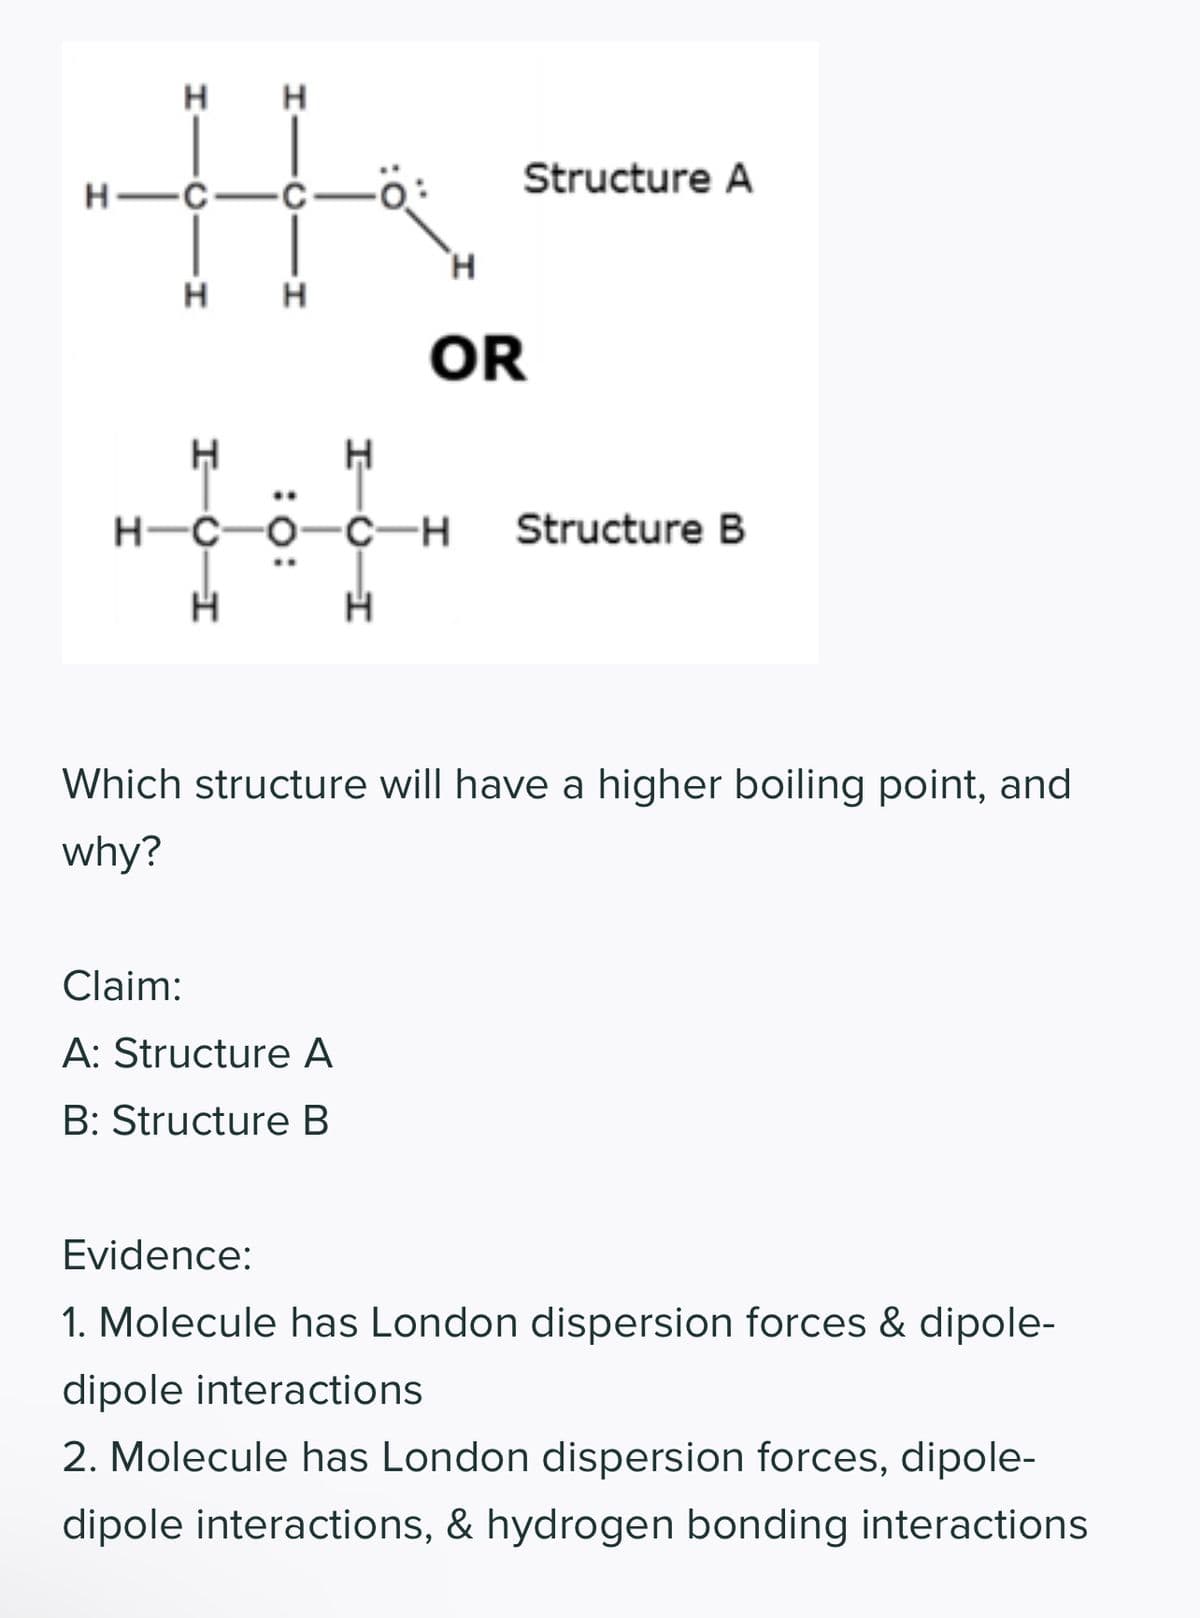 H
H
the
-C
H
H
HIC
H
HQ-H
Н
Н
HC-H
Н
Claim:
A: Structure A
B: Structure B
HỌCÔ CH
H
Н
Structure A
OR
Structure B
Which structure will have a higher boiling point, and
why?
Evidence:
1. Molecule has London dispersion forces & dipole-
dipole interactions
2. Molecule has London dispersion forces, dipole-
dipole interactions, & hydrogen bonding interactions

ACTIVITY:
Could you return the lines in the entries above that contain "dispersion"?

EXERCISE SOLUTION:
1. Molecule has London dispersion forces & dipole-
2. Molecule has London dispersion forces, dipole-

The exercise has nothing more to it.